# Aim of the exercise
Take the line with "Narrow alleyway lined" and every line after it, through the end of the listing, and give them again exactly, pictures excluded.

# Recorded data
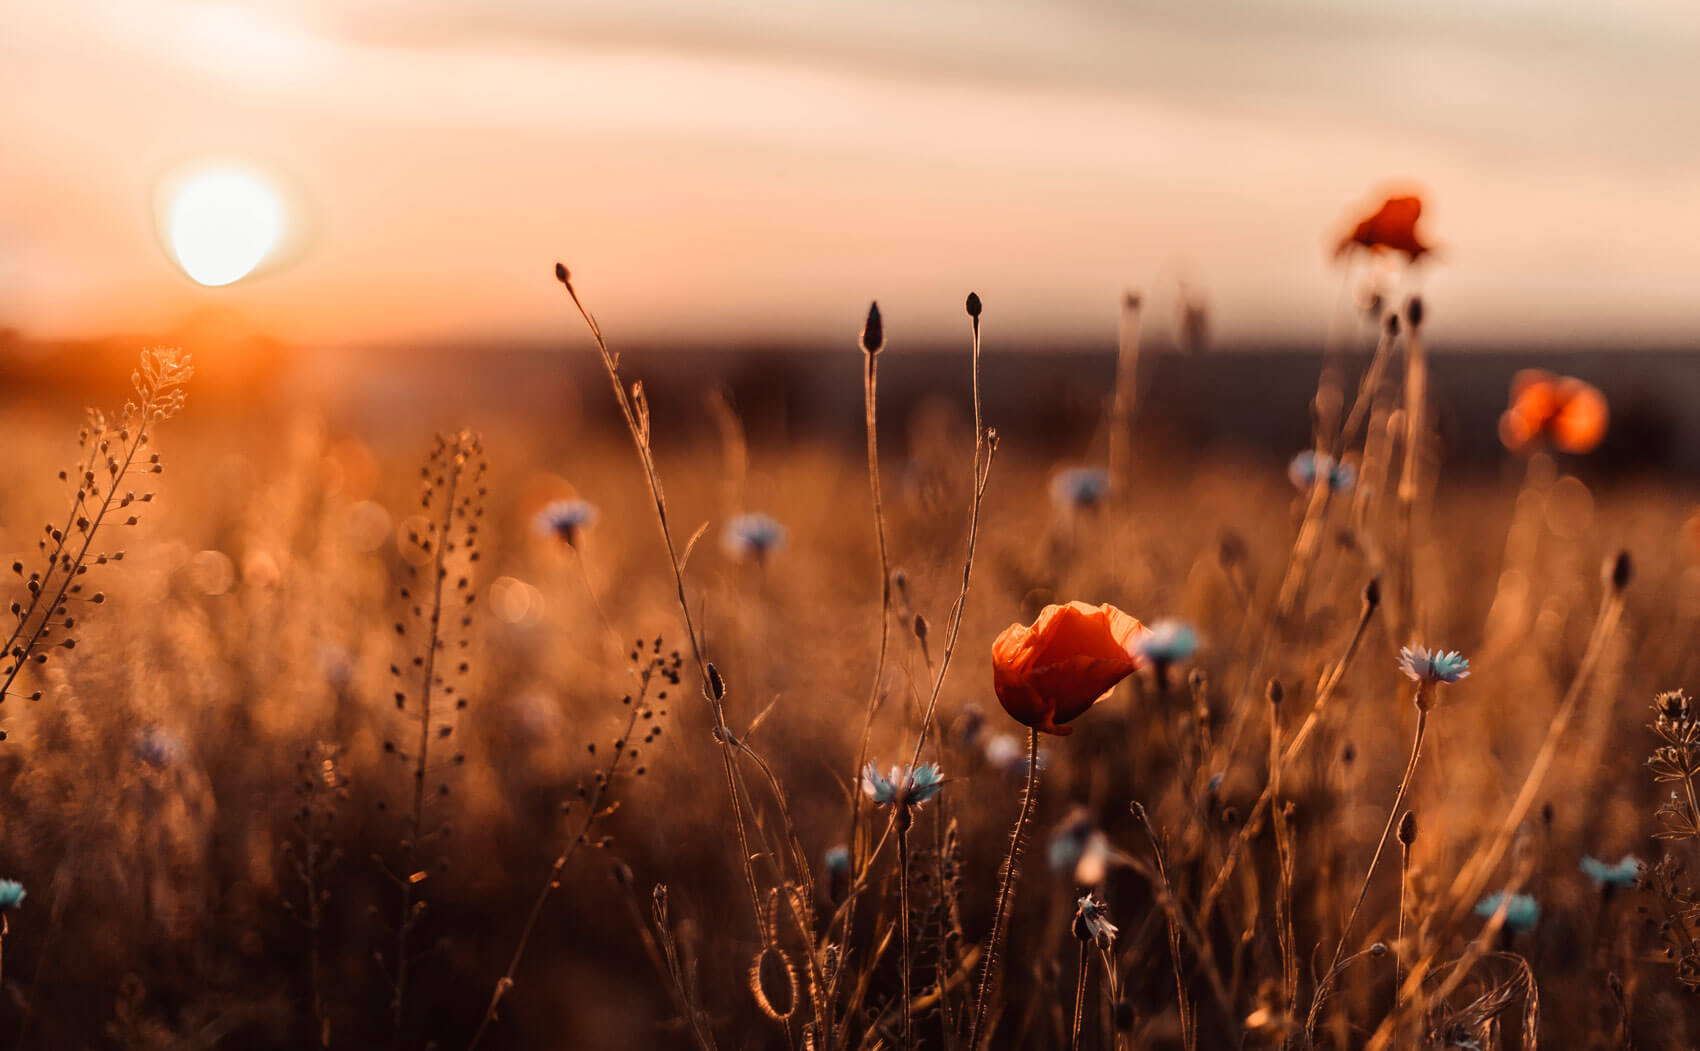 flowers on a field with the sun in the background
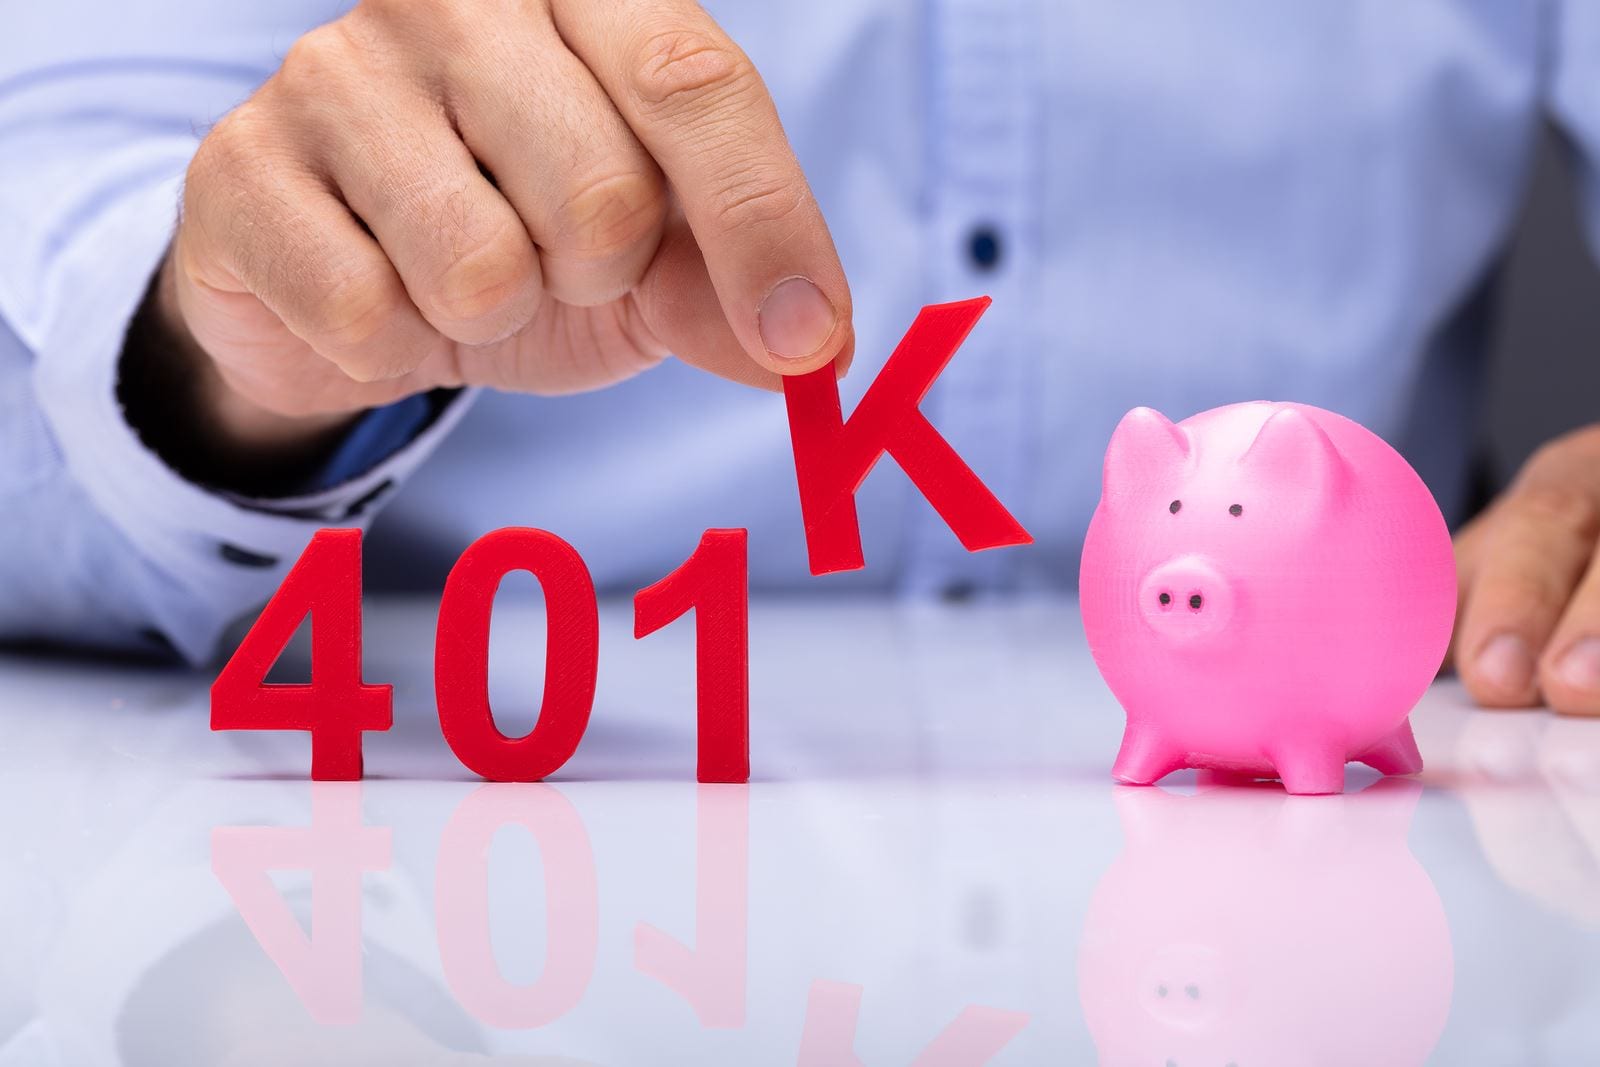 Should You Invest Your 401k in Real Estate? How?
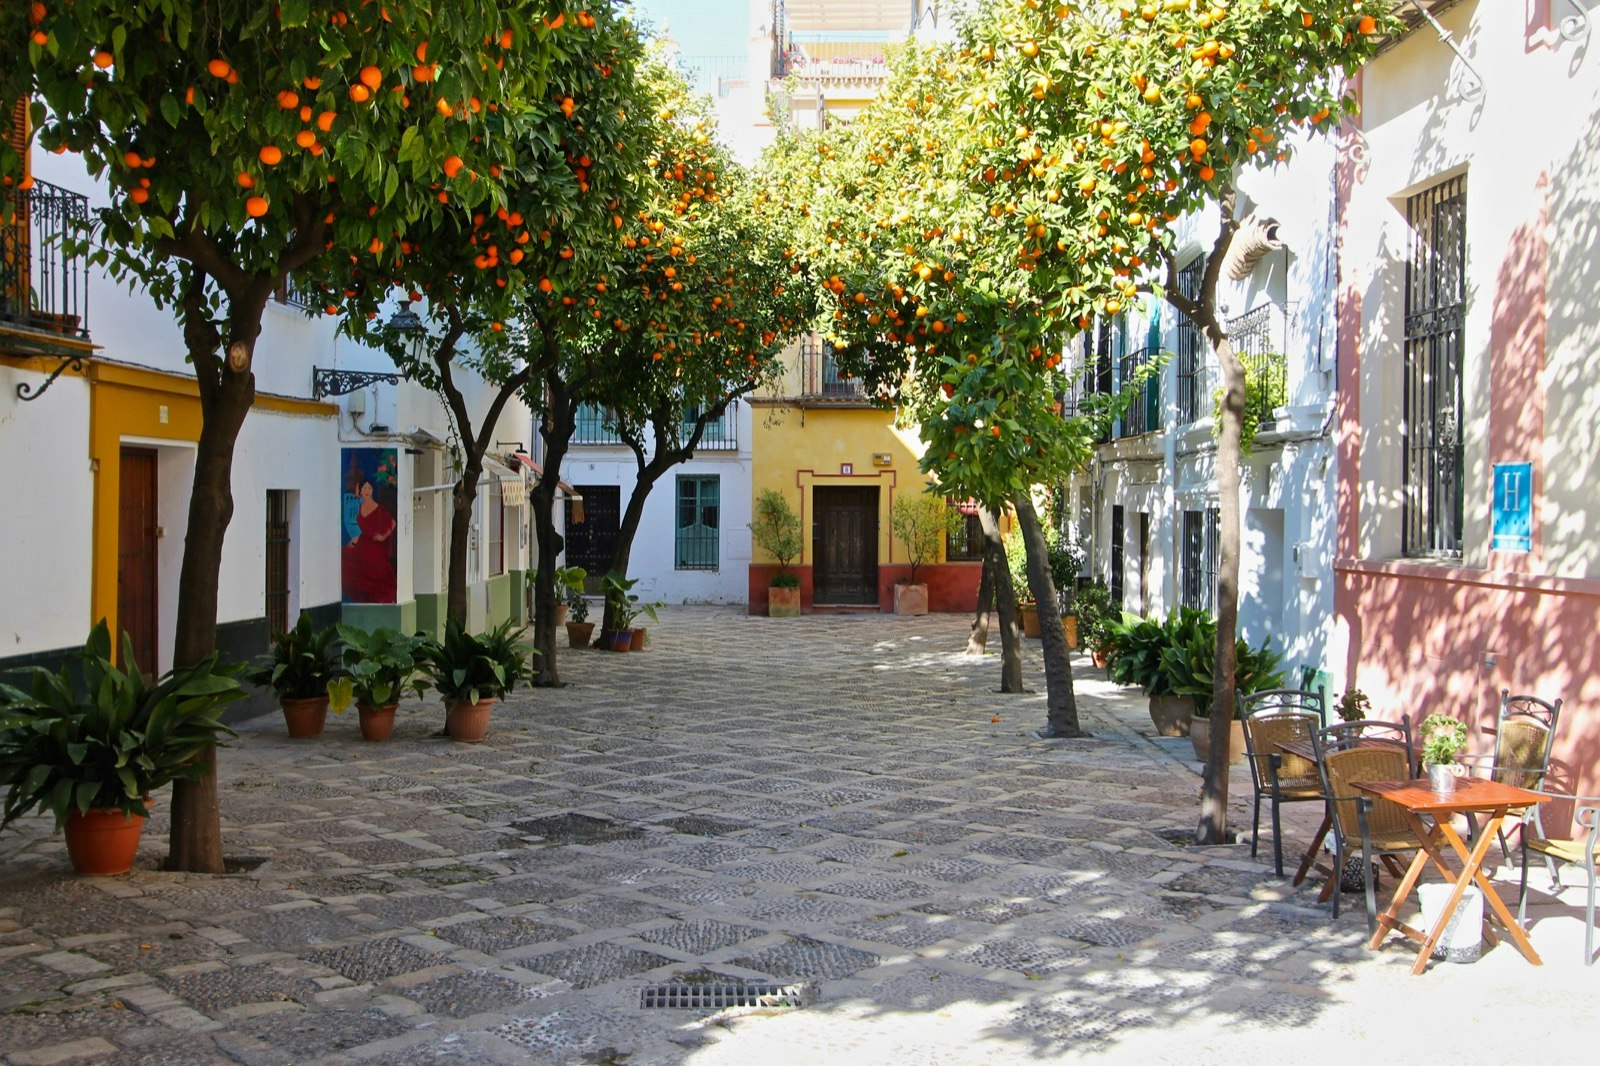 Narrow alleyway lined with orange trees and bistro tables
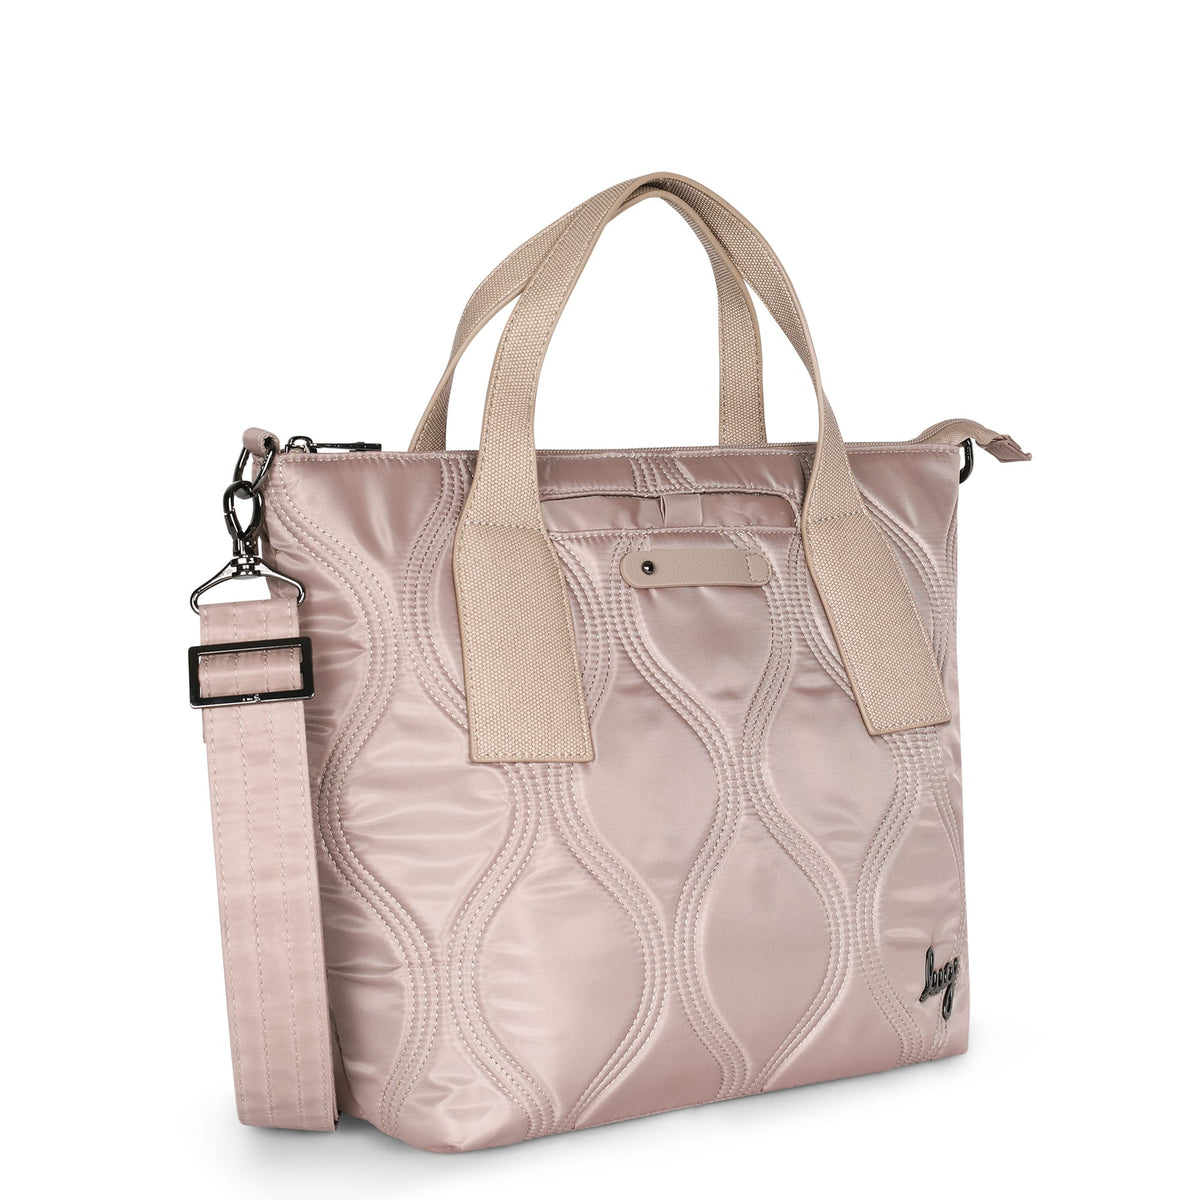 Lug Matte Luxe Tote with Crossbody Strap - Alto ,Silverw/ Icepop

# Output for this task
 Narrow alleyway lined with orange trees and bistro tables
 Lug Matte Luxe Tote with Crossbody Strap - Alto ,Silverw/ Icepop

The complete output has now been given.